Chalk-Paths%20copy.jpg


Also to the North, the world's deepest hand-dug well, now located in a hospital car park. Why they decided to start digging a well at the top of a hill, 'tis a mystery.

where do you live then?
 

IdleRich

IdleRich
I live in a strange village or even town about 10k outside Lisbon, it's a mixture of the pretty and the banal (seems there is no planning permission rule - you can buy some land and throw up whatever you like, no matter how ugly) but it's by the river and the marshes and a few minutes from Lisbon by train. We're on the 3rd floor and can see the river and loads of other stuff. It's got a small rundown castle which is about 700 years old but (typically for Portugal) has been thoughtlessly converted into a cheesy bar, also a nice church and a massive house which (I guess) was built for the priest and several squares where old people often sit segregated into men and women like they were at primary school. Also lots of empty scrub - some of it fenced off, some of it open to you if you wanna risk it - and, the worst thing, loads of rubbish tipped into the bushes and long grass.
It's weird cos the town is divided into bits by the motorway, some places which are really close as the crow flies are all but inaccessible on foot or take an hour to get to. If you walk down the street you see loads of old ladies dressed all in black glaring at everyone - I think they grew up under Salazar and hate to see young people having fun.
 

IdleRich

IdleRich
Walking across here is pretty great

passtejo_cover.jpg

You can walk (or ride) about 7k across those marshes from one town to another right by the Tagus.
 
Last edited:

DannyL

Wild Horses
I live in Hackney, squeezed between Shoreditch Park and the canal. The building is fairly dilapidated postwar council stock, and we're last on a long chain of rebuilding works, which kinda puts us in the crosshairs of the running down of local government budgets, debates about their collective duty, insane London property prices, gentrification and so on. All this discourses swirling around above our heads like smoke from a BBQ. The most striking geographical features are the park next to us and the canal. The park is great, like an extended front garden for me in summer even though it's very flat and empty of much wildlife and tree growth. It's more like a flat expanse of green than much else, and that took a beating in last year's hot summer. The canal - complete with Drax throwups (and a million others) - is like a kind of mainline for hipsters and probably one of the nicest walks one can do in London. Probably the best thing about the estate is it's quite cut off from roads so you get lots of kids running around playing and screaming, sounding like proper urchins.
 

sadmanbarty

Well-known member
a narrow middle class enclave at the meeting point of the traditionally (though rapidly gentrifying) areas of deptford and peckham. the locals are mostly caroline lucas types, soft spoken, artistic and left wing, however there are poorer immigrant households freckling the demographic map. around the corner is a rather astounding street in which everyone's latino; so much so that the one african kid who lives on it knows how to speak Portuguese without having taken a single lesson.

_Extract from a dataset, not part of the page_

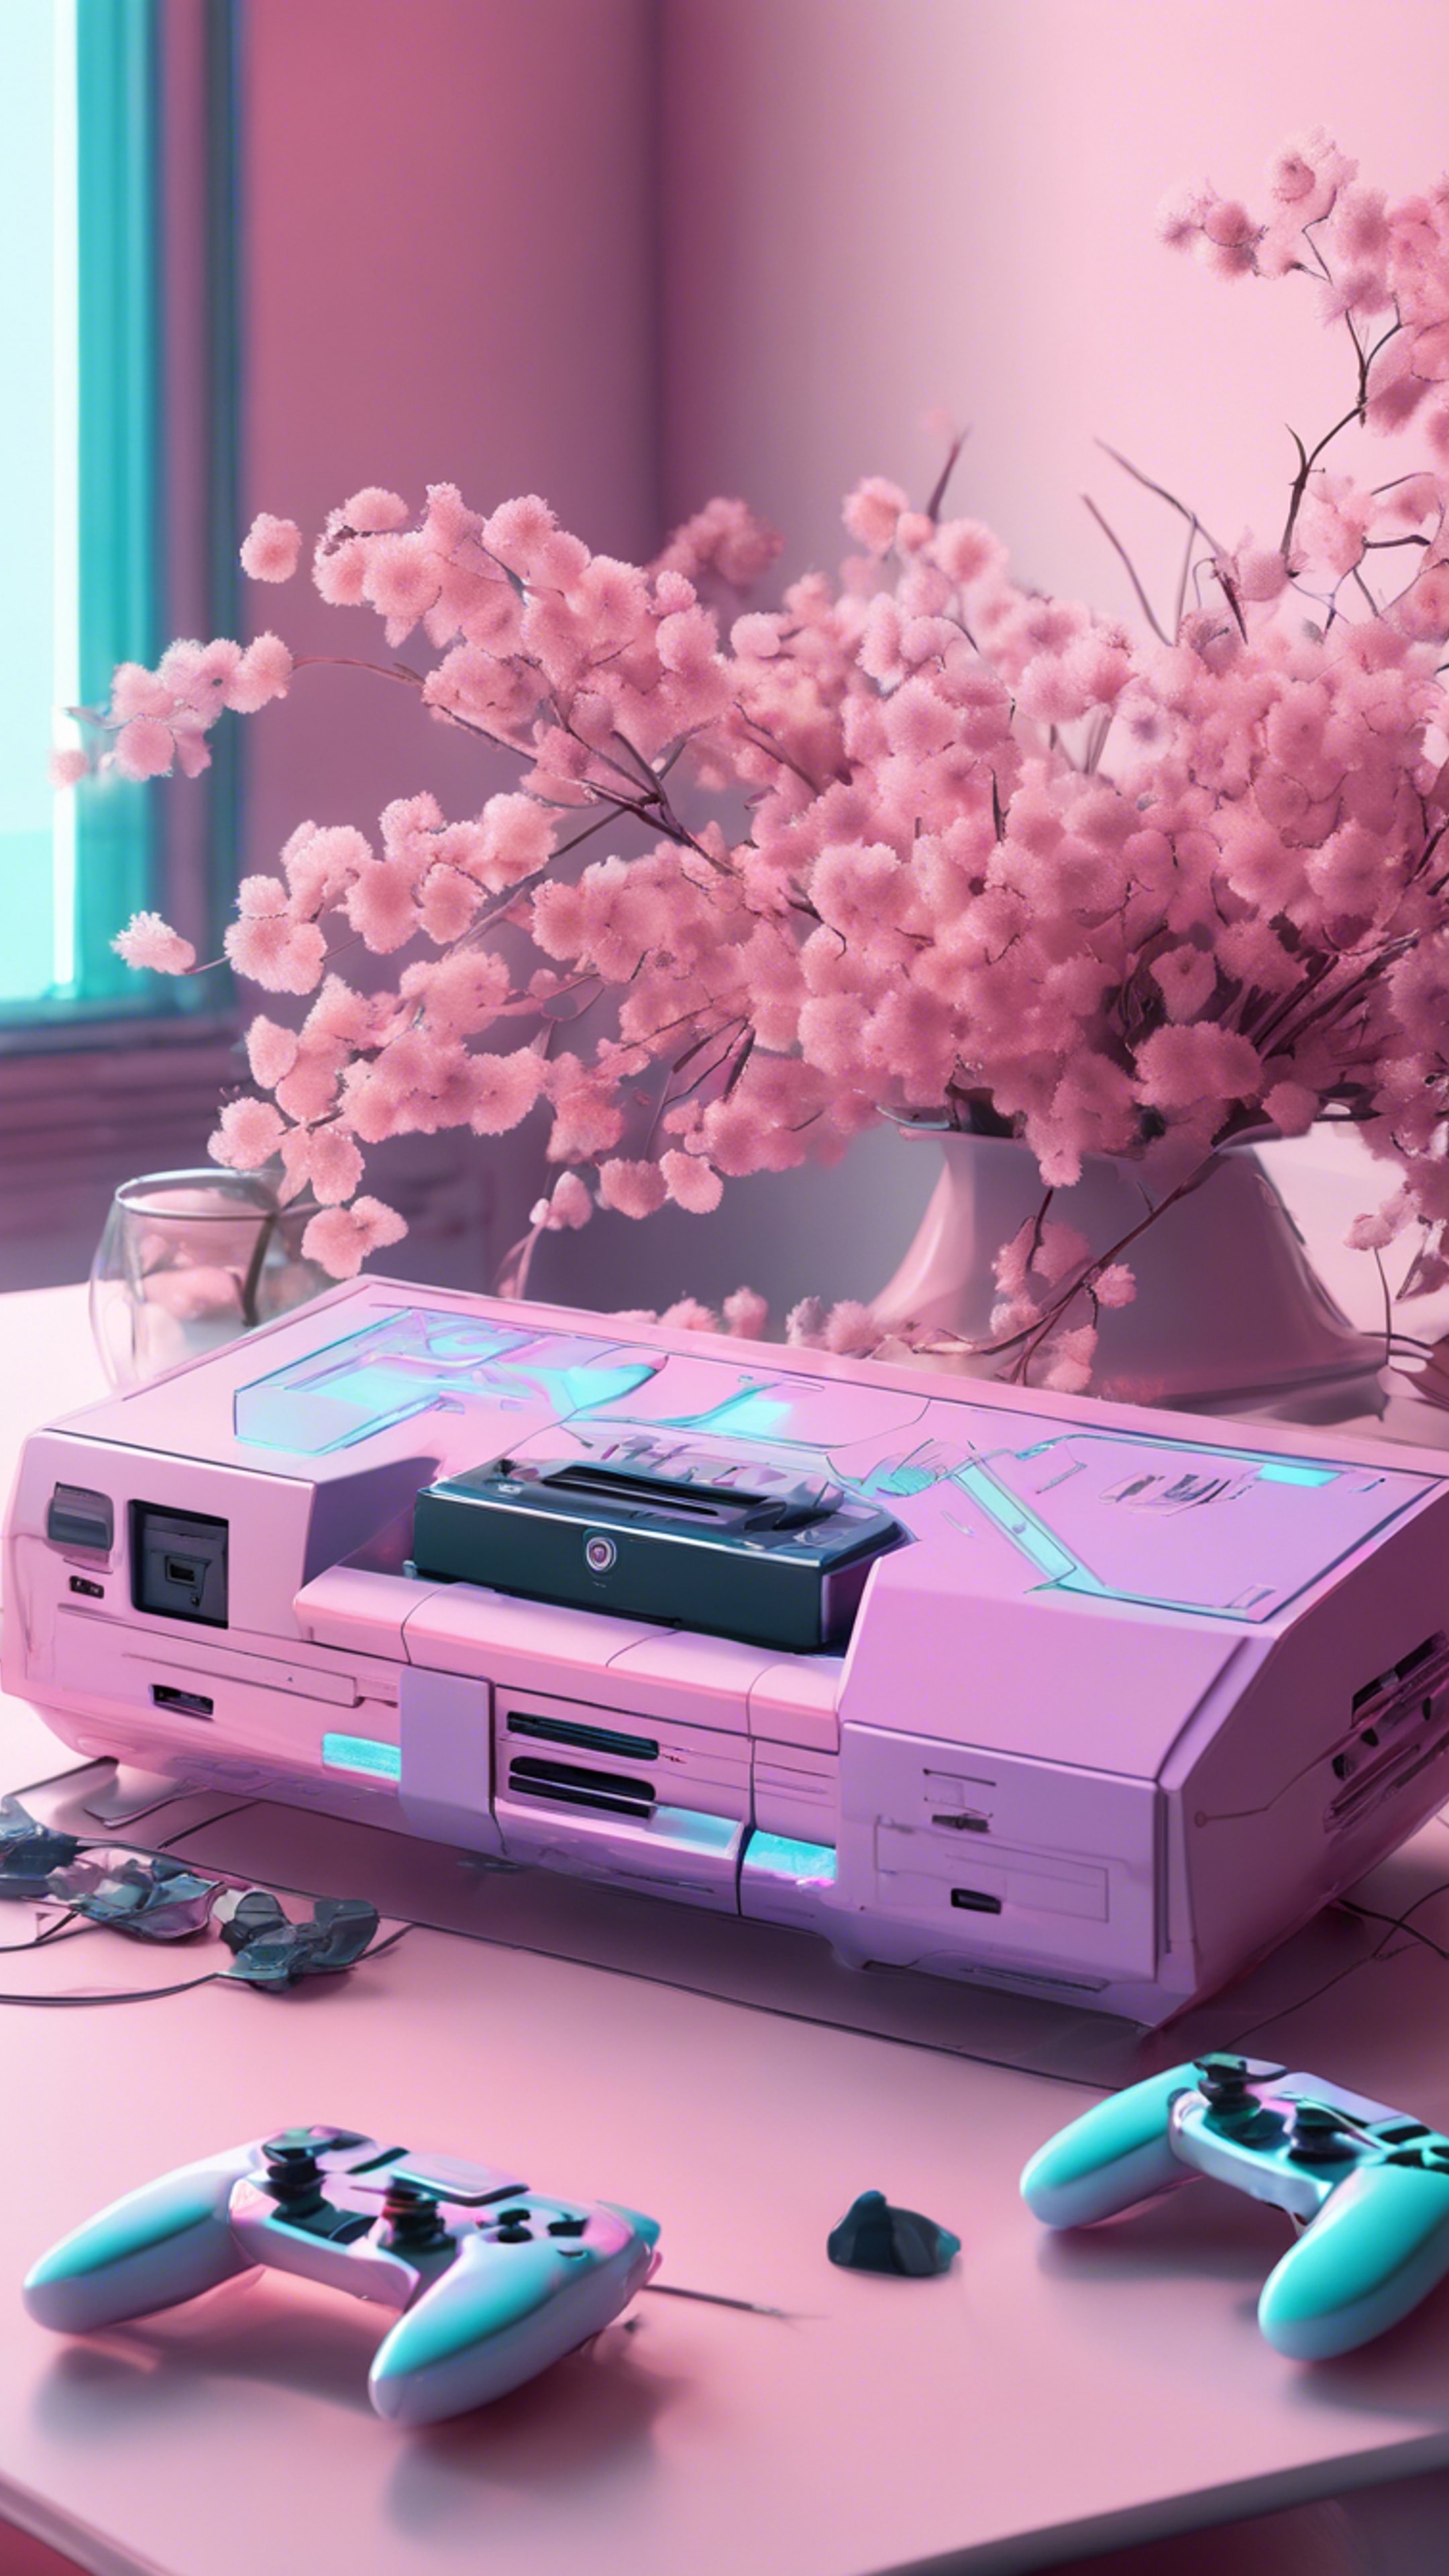 A pastel colored gaming console on a white table next to soft colored flowers in a daylight room. Divar kağızı[43bf14bcce304acdbb24]

it's on a hill and rather poetically the more uphill you go, the richer it gets. at the top of the hill is a park, which is unremarkable other than it allows you to see the whole of the london skyline.

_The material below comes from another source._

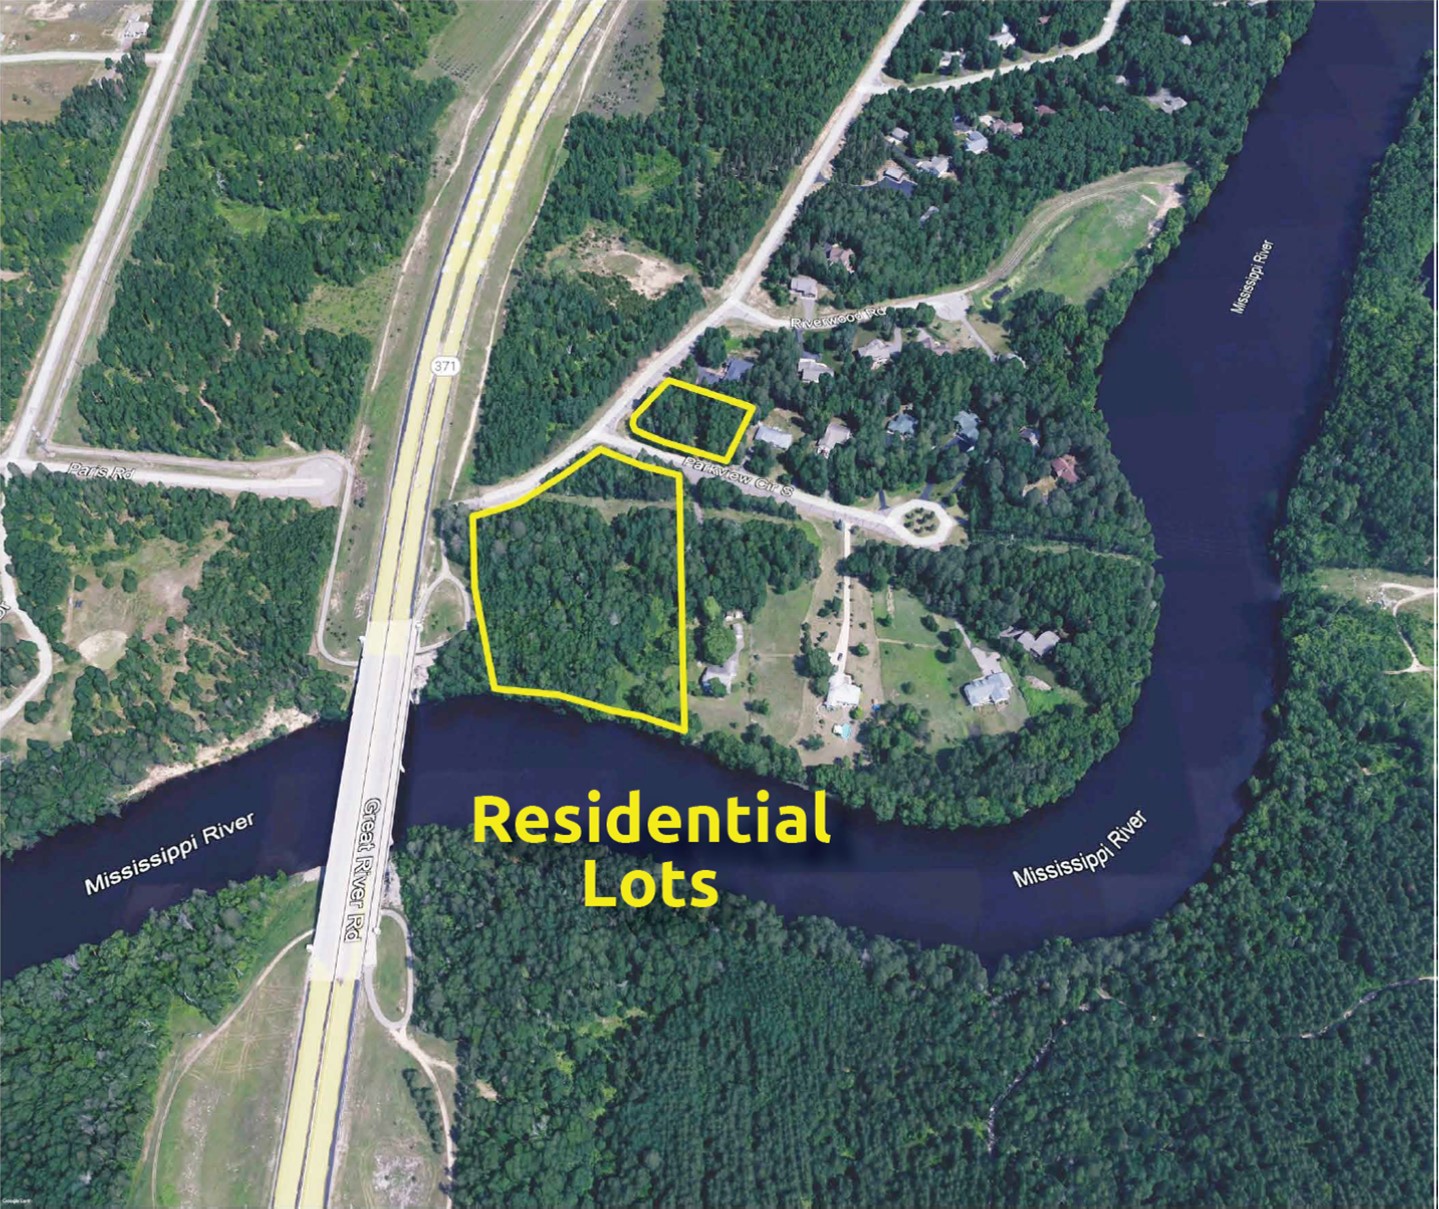 Residential Lots on the Mississippi River

across the road from me is a drug den in in which shady characters amassed rather brazenly talking about brining uzi's to clubs. down the hill is the the beggining of pecham and the old kent road. it's full of homeless people and alchoholics and there are buildings that still show bullet holes from an ostensible kray twins drive by. if you walk the other way you get deptford, a special place that's like a magic-realis bazar. if you keep walking you get to luke's house or you get to goldsmiths. i'm not that into art students, but i do like in recent years a larger and larger trans-gendered community has amassed around goldsmiths. the cohabitation of pious africans with such blasphemers makes me proud of liberal democracy.